I would have loved to read this book, as I have been fascinated by earthquakes since childhood. Unfortunately, I was never able to access my galley no matter what program, app or device I used to download it, which was a crushing disappointment.

Before reading Henry Fountain's book I knew about the 1964 earthquake in Alaska, but not all the details. I love the narrative nonfiction genre with detailed research that is both deep and wide, providing a more accessible historical, scientific factual account of events than a textbook. There is a wealth of information in this book about Alaska, from the early settlements through the gold rush to the reconstruction after the earthquake. The scientific information was at times daunting to me with geology and geophysics facts, but Fountain has managed to keep it engaging and enlightening. Great read in the style of Erik Larson!

When I was growing up in the early 1960s my grandfather was corresponding with Maurice Ewing and William Donn of the Lamont Geological Observatory. Gramps had been interested in their work since 1958 when he read a Harper's Magazine article by Betty Friedan called The Coming Ice Age about their research. I didn't know that Project Moho, drilling cores in the deep sea, how to stop the next Ice Age, and Plate Tectonics was not normal dinner table talk. Gramps even got his old college buddy Roger Blough, then president of U. S. Steel, to kick in some funding for their research. Before 1971 when I took Historical Geology in college I had no idea that Plate Tectonics was a 'new' theory. I'd grown up with it. I requested The Great Quake:How the Biggest Earthquake in North America Changed Our Understanding of the Planet by Henry Fountain from First to Read because I like geology and enjoy reading about Alaska. I was excited to learn it was about the very research that proved Plate Tectonics. Fountain introduces us to the people of several small Alaskan villages along the coast, recounting their history and way of life. The families have Russian last names, a legacy when Russia turned the native population into virtual slaves. They live on a subsistence level, their traditional hunting and fishing impacted by factory fishing. In 1964, on Good Friday, a 9.8 earthquake wrecked havoc and destroyed the villages, claiming the lives of 130 people. It is devastating to read about the tsunamis that wiped the land clean not only of people and houses but trees and the loose rocky layer on the shore. Geologist George Plafker was very familiar with the area. The day after the quake he flew over the area. His observations led to proving the controversial theory of Plate Tectonics that even Maurice Ewing did not yet subscribe to! The book reads like popular disaster books such as Dead Wake by Eric Larson, setting up the people and history, recreating the horror of the disaster, and then cogently explaining how Plafker's research impacted the scientific community. Readers can expect to learn Alaskan history and geography, be moved by the horror of the destruction, and brought to understand this planet we live on. I received a free ebook through First to Read in exchange for a fair and unbiased review.

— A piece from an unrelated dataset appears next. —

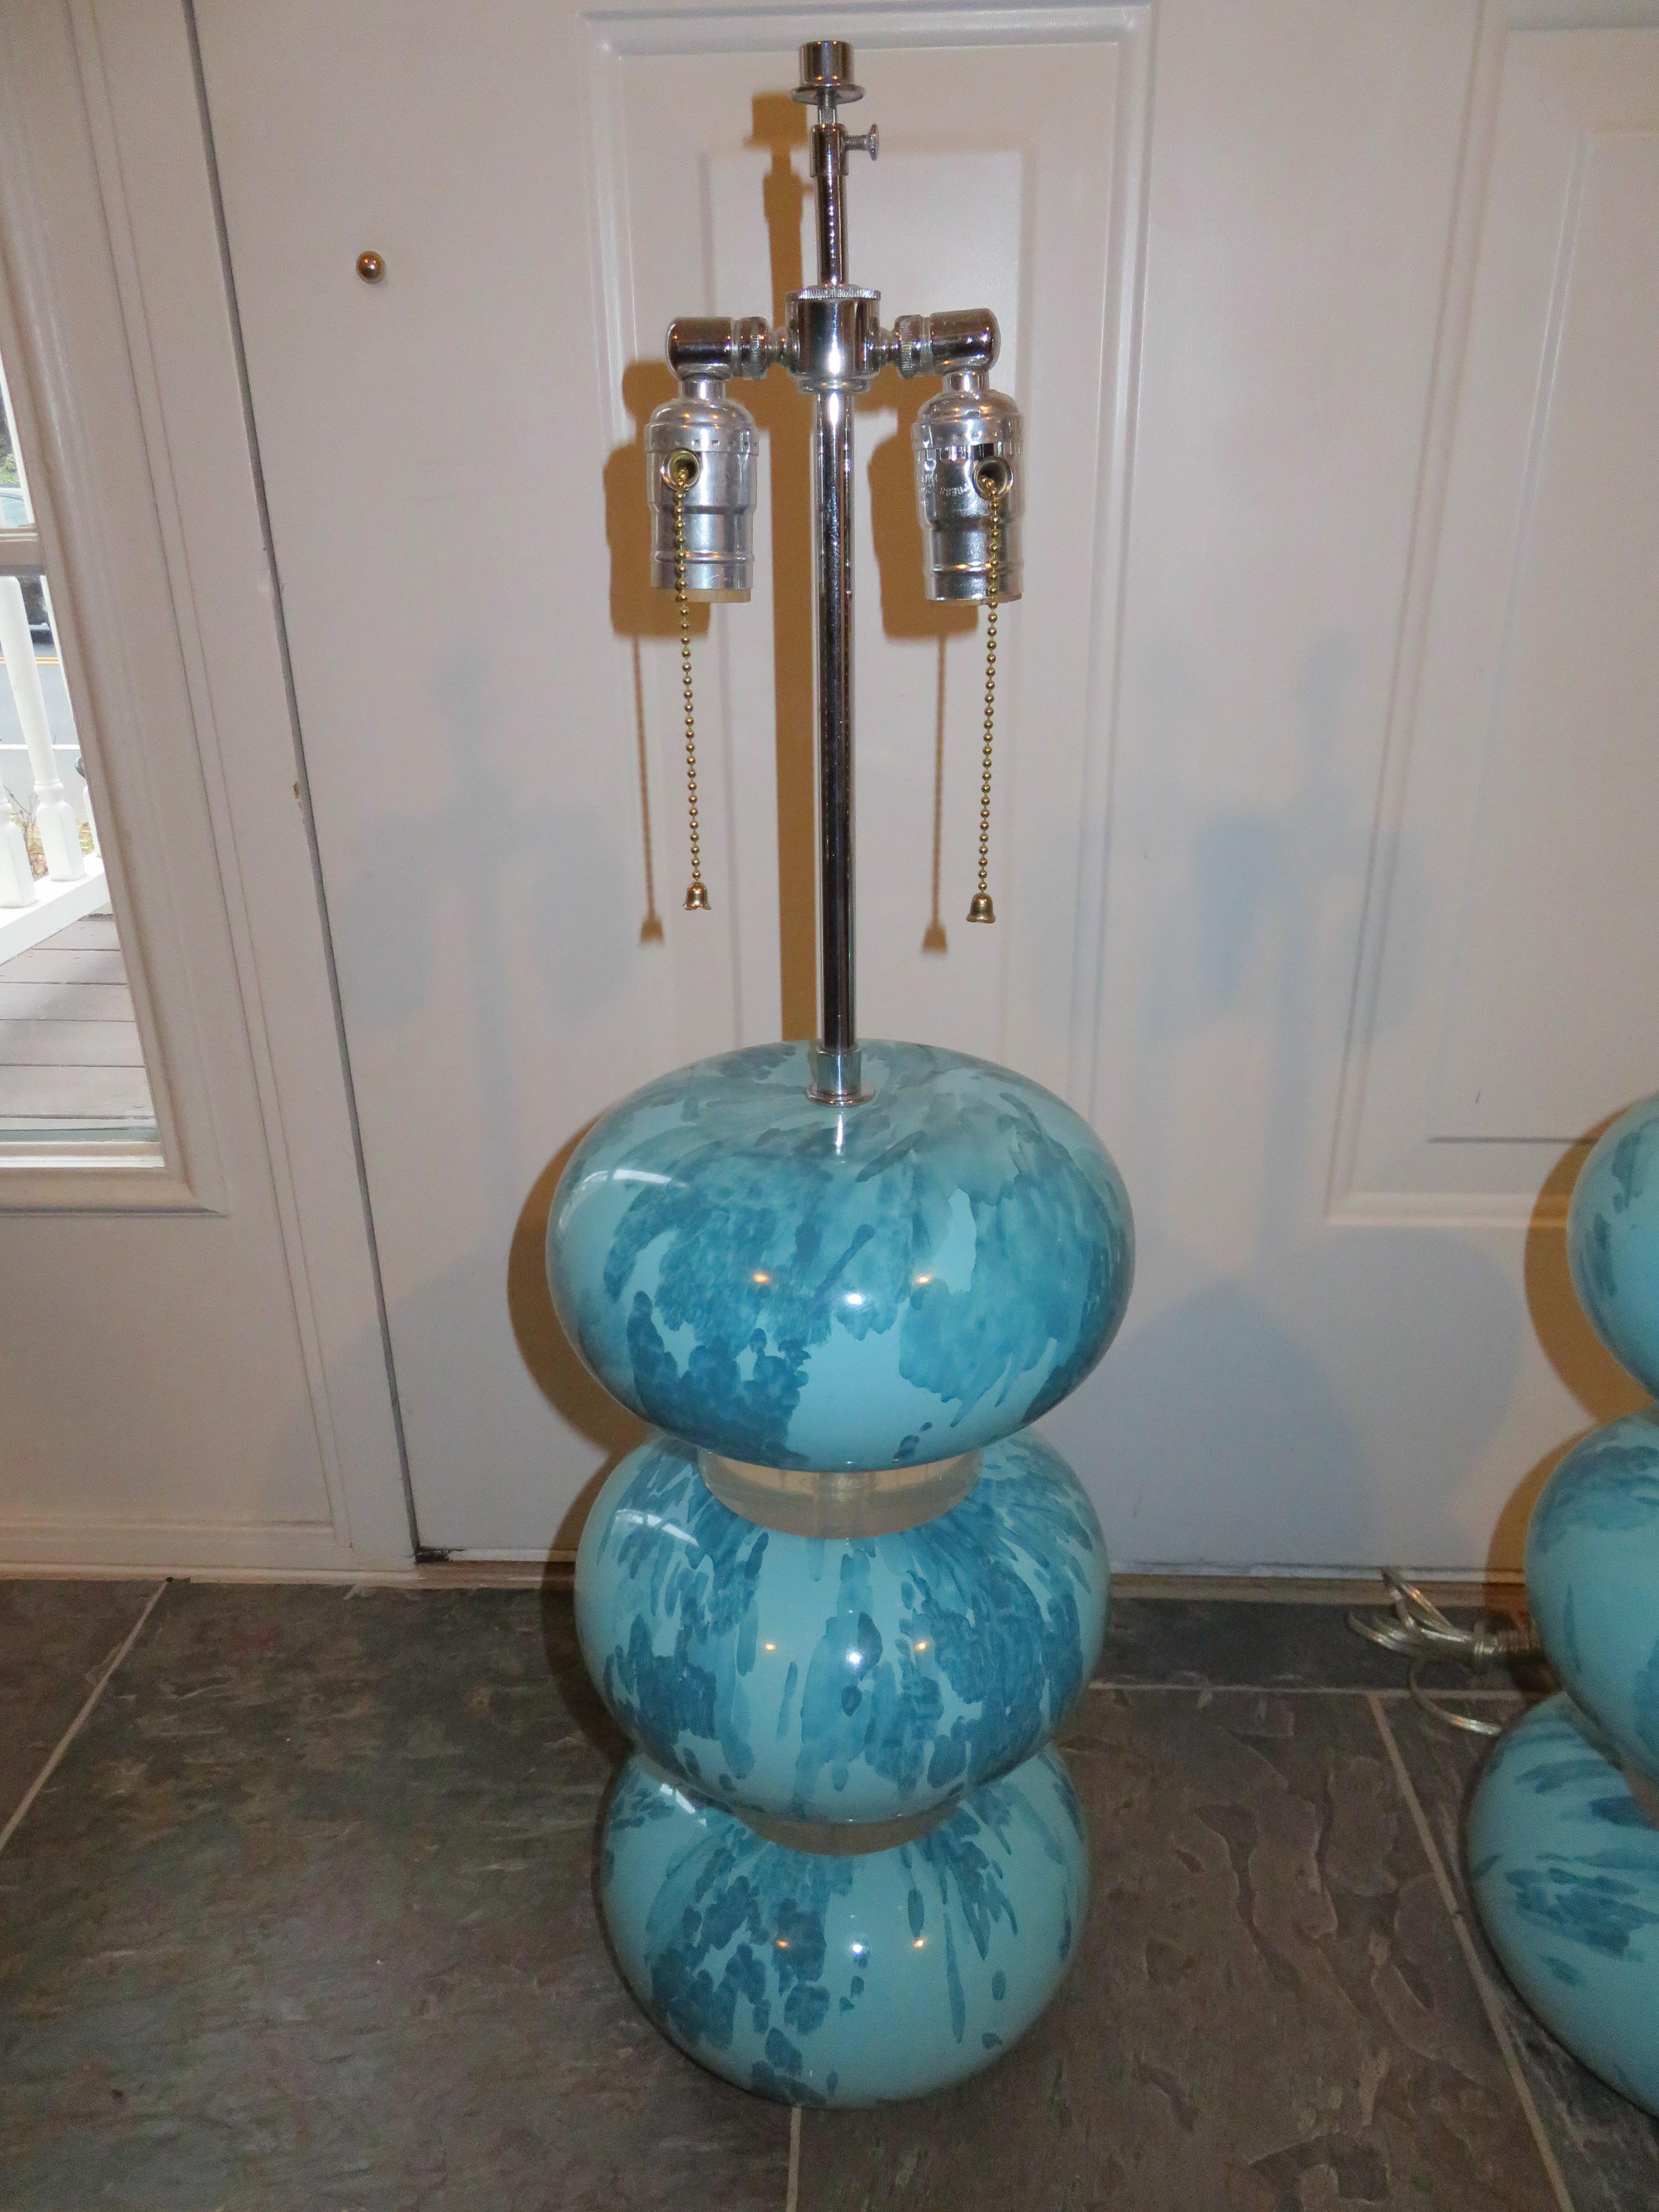 Magnifique et rare paire de lampes de table Karl Springer en laque bleue marbrée et bulles en Lucite, USA, 1970. Conserve la finition laquée bleue marbrée d'origine de Springer sur trois sphères arrondies compressées en plâtre séparées par deux

On March 27, 1964, a 9.2 magnitude earthquake hit southern Alaska. It lasted for 5 minutes and drastically changed the landscape. The Good Friday quake took over a hundred lives and caused millions of dollars in damages. The description of the quake while it happened is more exciting and riveting than anything Hollywood could produce as it was taken from the recollections of the people who lived through it. But, the Good Friday quake did more than damage, it changed the way earthquakes and furthered the theory of plate tectonics. This was mainly due to the work of George Plafker. George Plafker was a field geologist who was sent by the National Geological Survey to record the geological changes that had happened as a result of the quake. While others were sitting in offices looking at data theorizing the cause of the quake, George looked his own observations plus the data and developed the most conclusive theory on the source and cause of the quake. Overall, I enjoyed the book although there were some background sections that could have been cut. This was an advance copy, and I hope the final copy has pictures of areas the text describes.

I received this book in exchange for an honest review. I was attracted to it because as a child I remember seeing pictures of the devastation of the quake and hearing my parents discuss it. It was really refreshing to read a book about science that included the people affected by it. I was intrigued by the extent of the quake and the forces of nature that caused it. I wasn't aware how much in it's infancy the study of earthquakes was at that time. It was nice to read a science book that assumes the reader has little to no knowledge about the subject too. Well written and informative expose', and I would recommend it if you want a well-rounded short education about not only this earthquake, but earthquakes in general.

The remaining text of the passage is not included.